|Yushima, Ochanomizu & Confucius
Tokyo is a busy city like New York - you get into your work-groove and even when you walk by old walls like the one above, your attention is more on the time than the reality you are passing through. I used to run by here as I looked at the time, wondering if I'd make the light and get up to the time clock before it clicked past 9:00 to 9:01 to make me late. (Thinking back on it now, it seems strange, since I always worked overtime - what's a minute or two in the morning....)
Yushima-Seido - there is something mysterious about this place. I asked several people working at the company I was at then (just down the street from the view above) if they knew about it and most of them didn't seem to. The wall - in spite of its obviously old design - seems to keep not only the inside from view, but also out of mind of those passing by. On some level they must know that there is something out of the ordinary on the other side of the wall, but there is no hint from the street side of the wall of just how much mysterious and historical space is sitting on the other side freely accessible from three entrance points - one just down the street from the camera's vantage point, one just behind, and one a six or seven minute walk away on the other (downhill) side of the temple grounds. The wall is at the top of a hill from the inside, so when you go in, there's suddenly all this space... all this settled feeling, green and historical space. One warning - the black temple has always produced a feeling of unease in me for whatever reason, but most of the rest of the grounds have a settled, comfortable and historical feel to them.
It's a fairly sudden transition - going from Ochanomizu Station (left above) to the inside of the garden a three minute walk away (middle and right above). The old gate in the middle picture is the oldest structure there, the other buildings are all rebuilds after the Great Kanto Earthquake of 1923, when fire destroyed most of Tokyo. In any case, it's an old tradition in Japan to rebuild and rebuild again, so most old shrines and temples are many generations removed from the original structure in any given location.

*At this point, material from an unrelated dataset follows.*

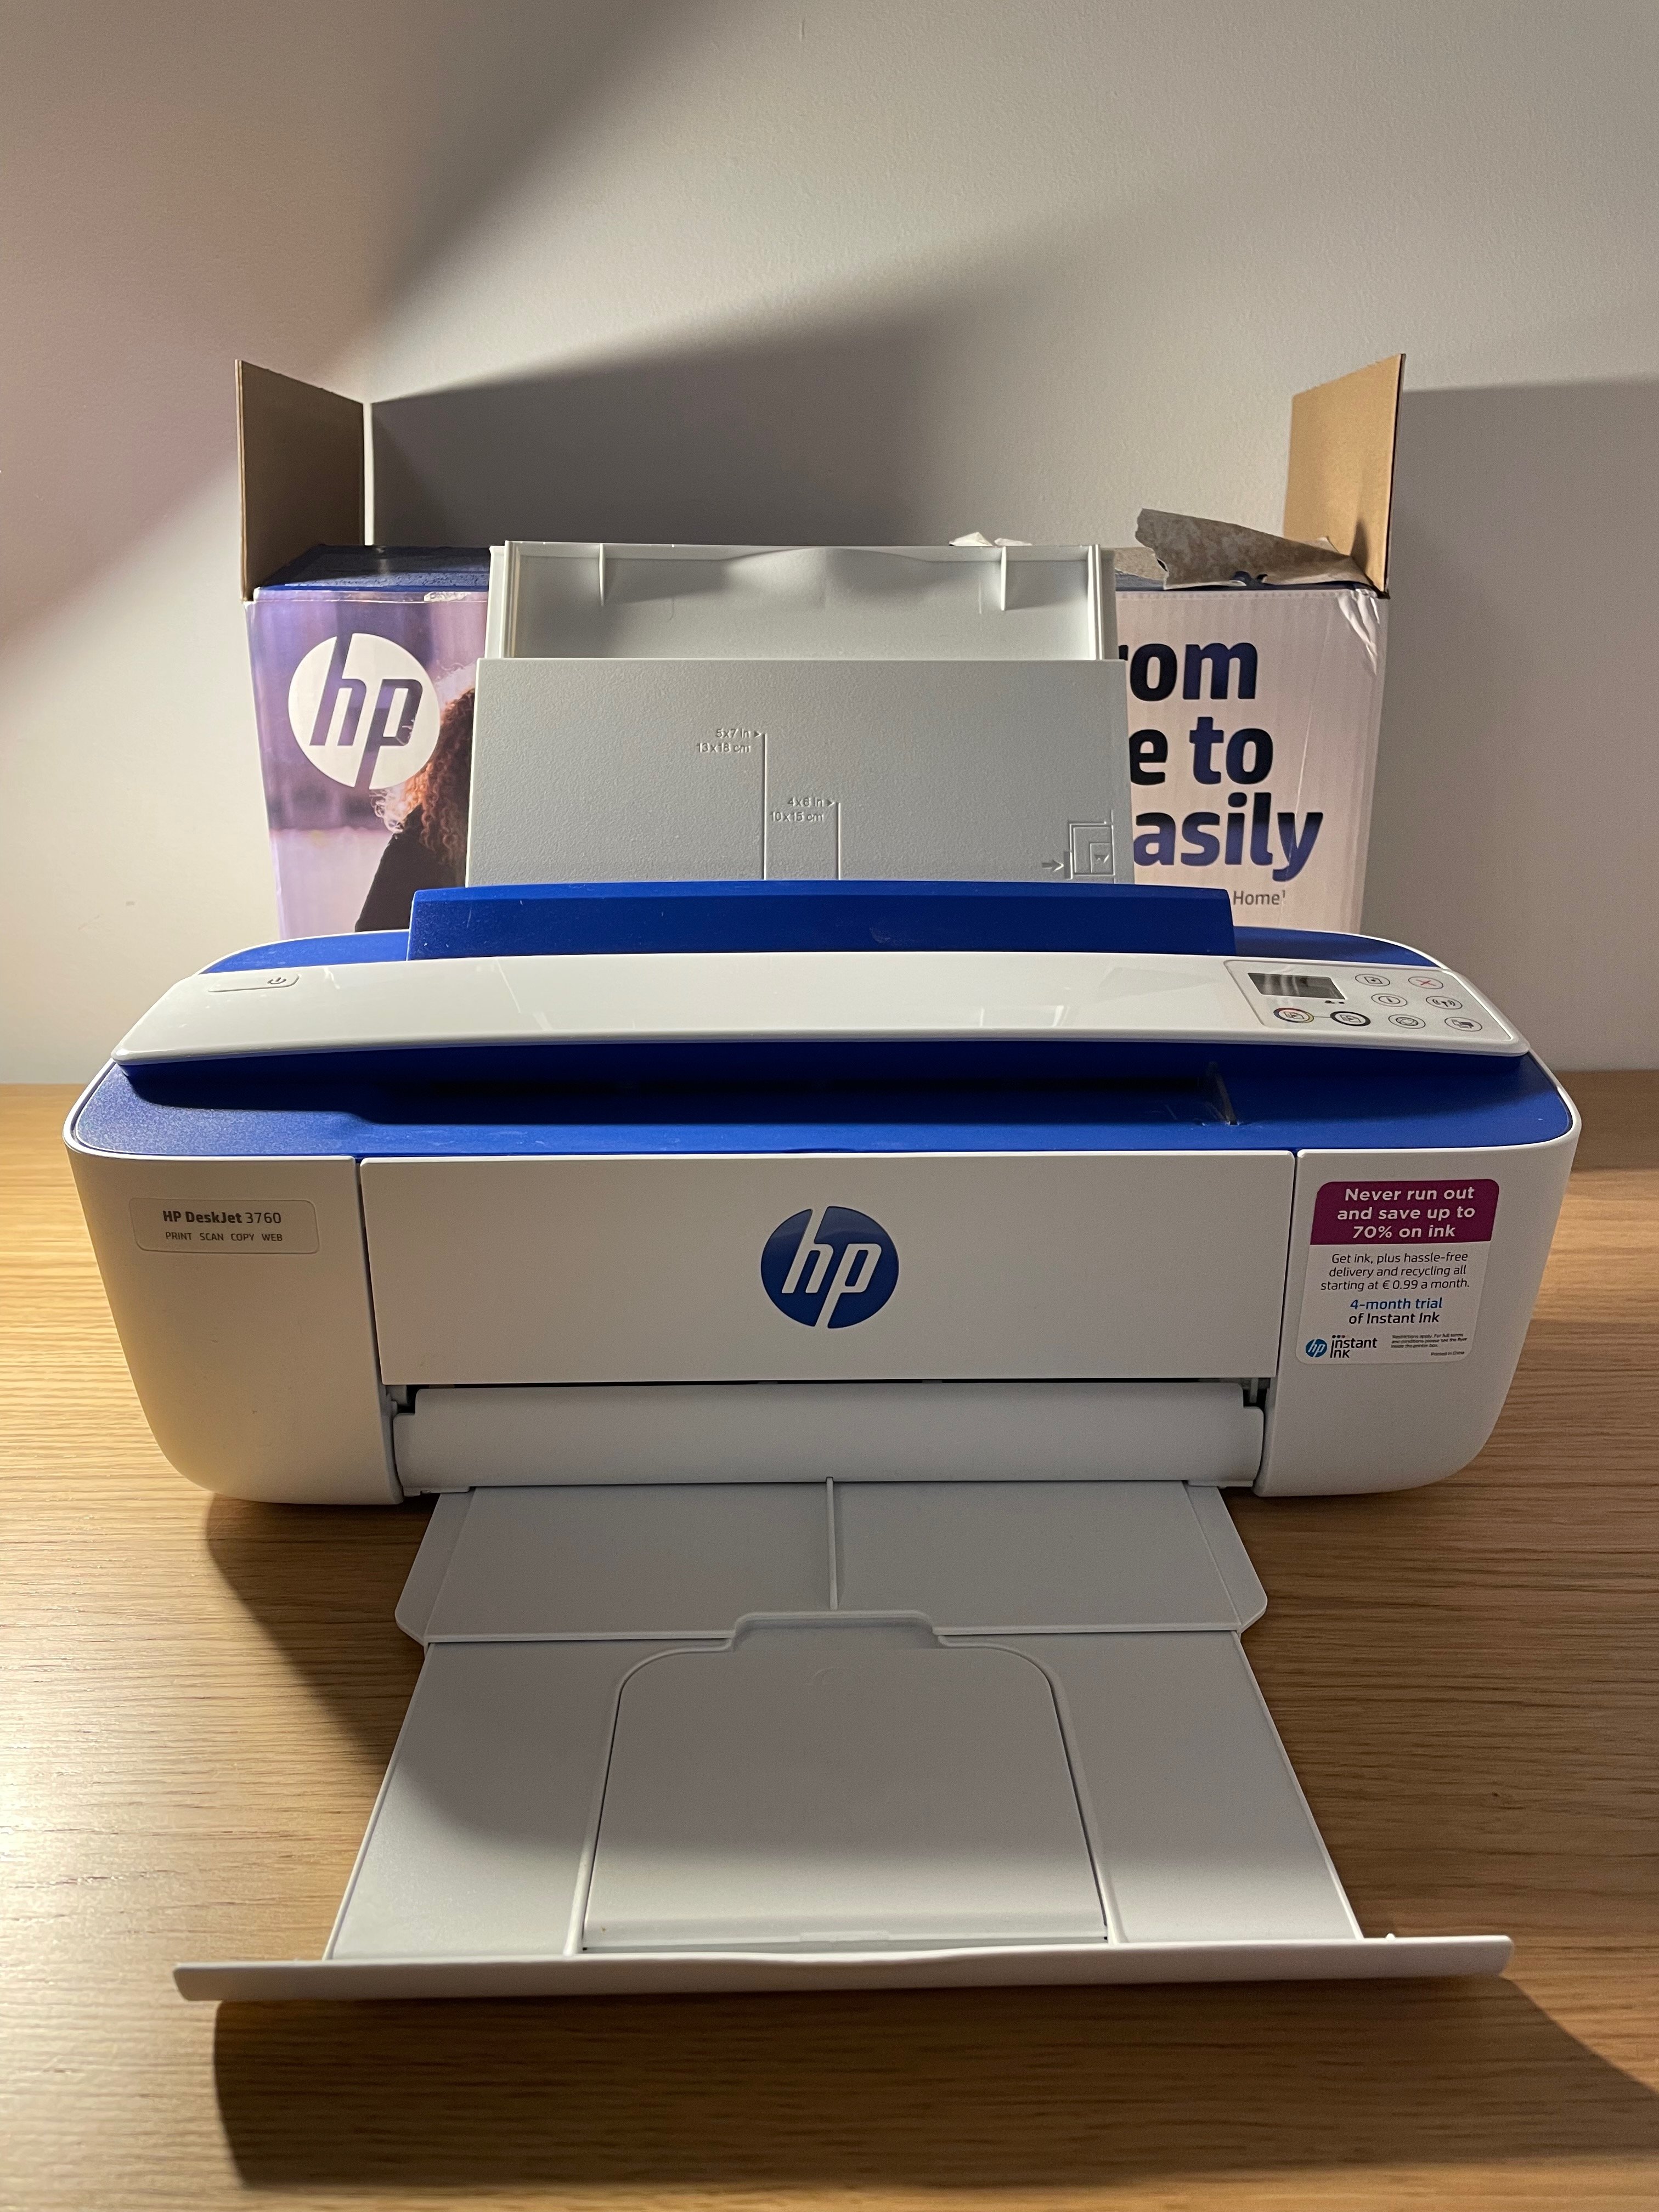 HP DeskJet 3760 All-in-One blue
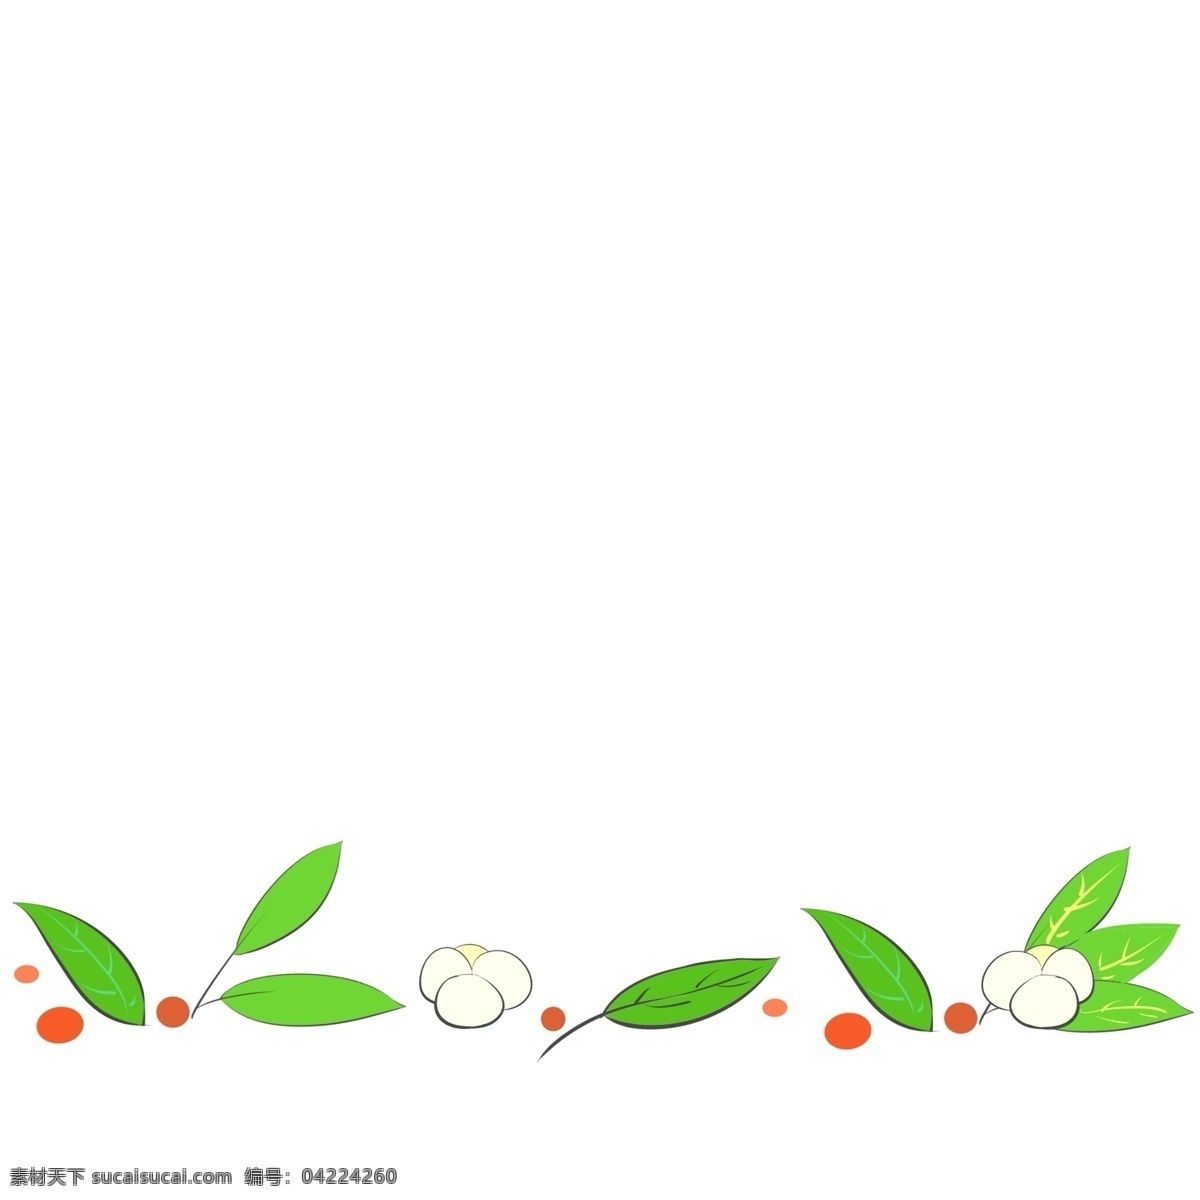 植物 分割线 卡通 插画 绿色的植物 卡通插画 分割线插画 简易分割线 装饰插画 植物分割线

Looking towards Akihabara from Hijiri Bridge, with the lower corner of Yushima Seido on the left. Akihabara is just a ten-minute walk away.
Being early spring when this photo above was taken (March 28th), the cherry blossoms are out, but not the leaves of other trees, so you can see one of the buildings within Yushima Seido through the bare tree branches. The train in the right hand picture is the Marunouchi (subway) Line, that comes out of the tunnels just briefly to go over the river. The older subway lines run just below the surface, but the newer ones, like the Oedo Line, are way down deep in the earth and require a lot more (vertical) walking time to access.
Confucius awaits.... In the middle of this area of the temple grounds, it's hard to imagine the streets of modern Tokyo on the other side of the walls. One day I looked down at my feet standing on the earth and I thought (without sarcasm), "... this is amazing... this dirt beneath my feet has never been covered over with concrete or asphalt... incredible....". In central Tokyo (outside the Imperial Palace grounds) that's a slightly amazing thing.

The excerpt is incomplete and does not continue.